Village in Gujarat, India

Vataman or Vataman Chowkdi is a small village in the western state of Gujarat in India, located at a crossroads about an hour and a half from Ahmedabad or Amdavad airport on the road to Palitana. Vataman is famous for its Jain derasar. Vataman village is famous for guava fruit many cast of people live in vataman like rajput, garasiya, Devipujak Samaj, Koli patel, bharavad, etc.

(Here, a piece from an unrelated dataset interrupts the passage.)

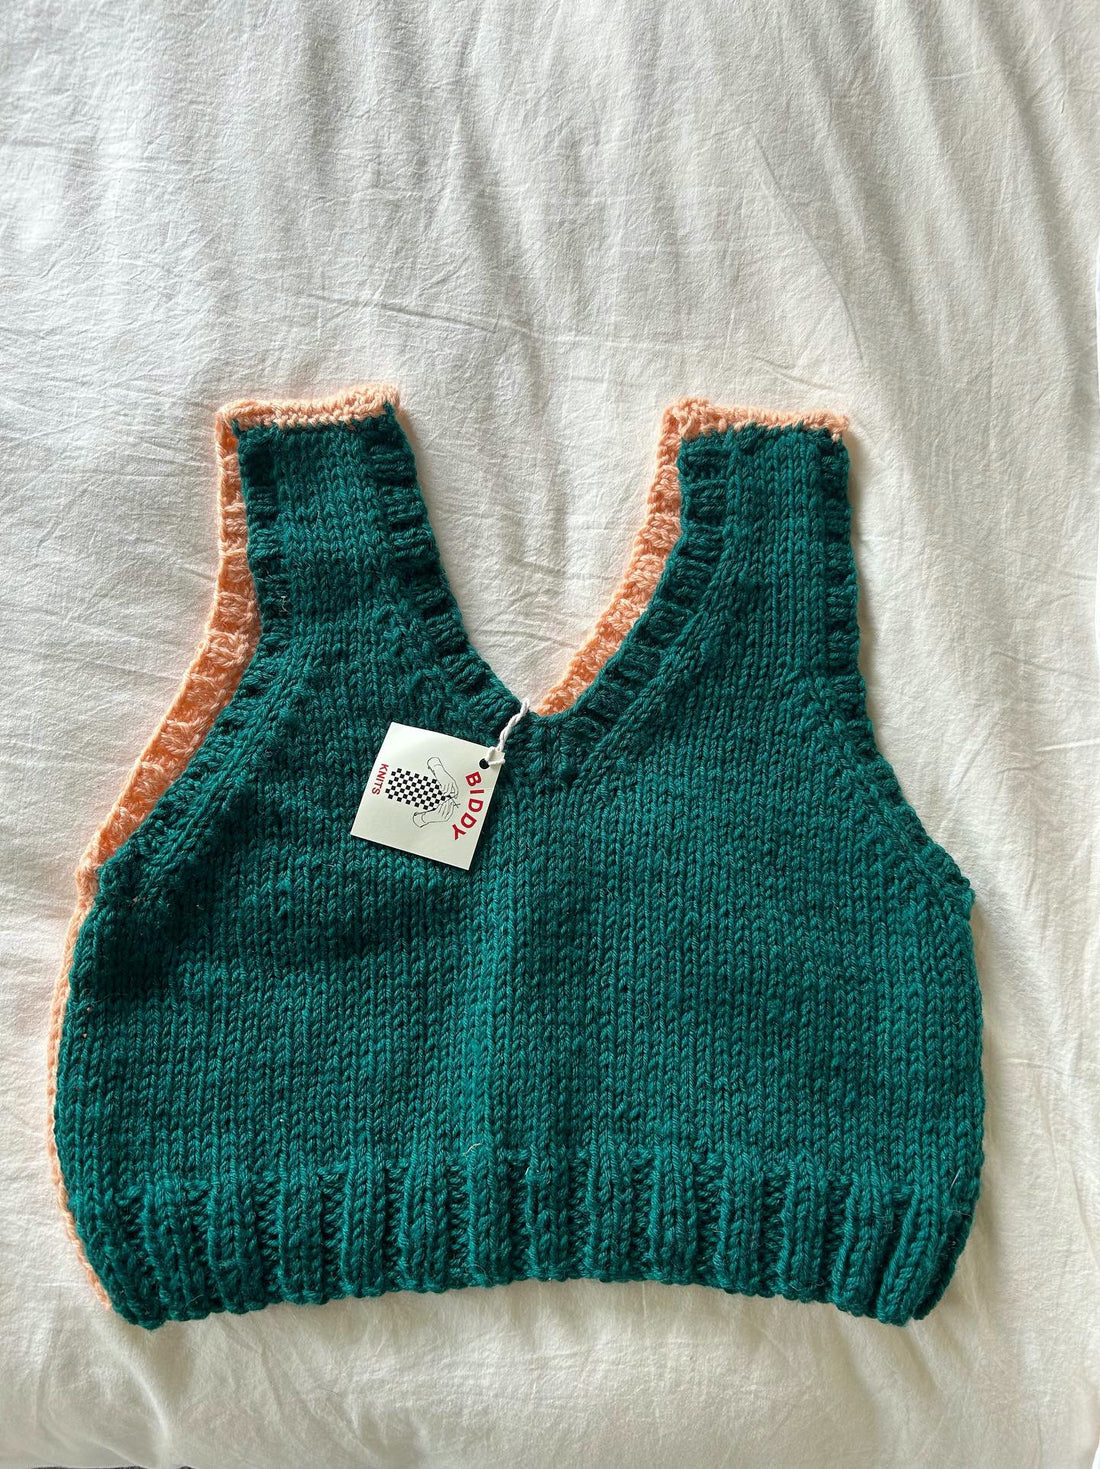 Reversible knitted vests - 5 colours
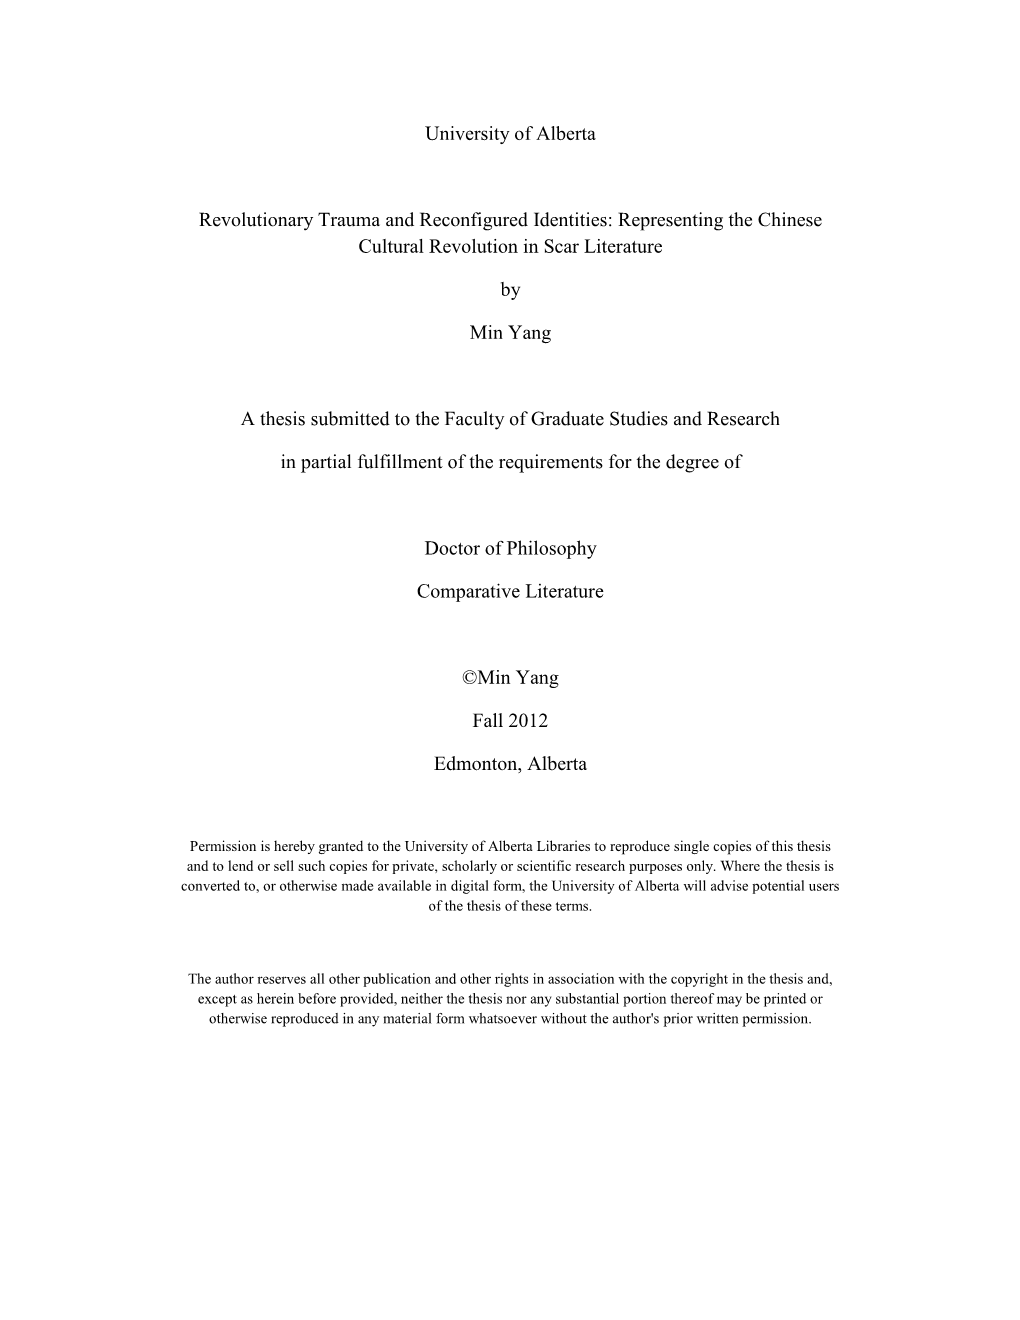 Revolutionary Trauma and Reconfigured Identities: Representing the Chinese Cultural Revolution in Scar Literature

The cast of Garasiya are Gohil and The cast of Rajputs are Barad, Dabhi, Rathod, Parmar, Chavda, etc.
Vataman village is also famous for temples like Ranmukteshwar Mahadev temple, Swaminarayan temple, Ramji Mandir, Laghurajswami temple, Bhathavali Meldi Maa temple etc. and Khedut Bazar mini mall(agro) also situated at Vataman Chowkadi by Hathisang Bhikhubha Barad and Barad Krupalsinh Hathisang.

== Demographics ==
In the 2001 India census, the village of Vataman had 5,906 inhabitants, 51.9% (3,067) male and 48.1% (2,839) female, for a gender ratio of 926 females per thousand males.

==Jain Temple==
This Jain temple is dedicated to the Bhagwan (Lord) Adinath or Rishabha that was consecrated with great fanfare and devotion by Anilaben and Sureshbhai Bapalalbhai Shah of Palanpur and Mumbai in April 2003. The main temple also houses statues of Rishabhanatha, Mahavira swami, Parshvanath swami, Vasupujya swami and Kunthunath swami. This temple belongs to the Śvetāmbara sect of Jainism.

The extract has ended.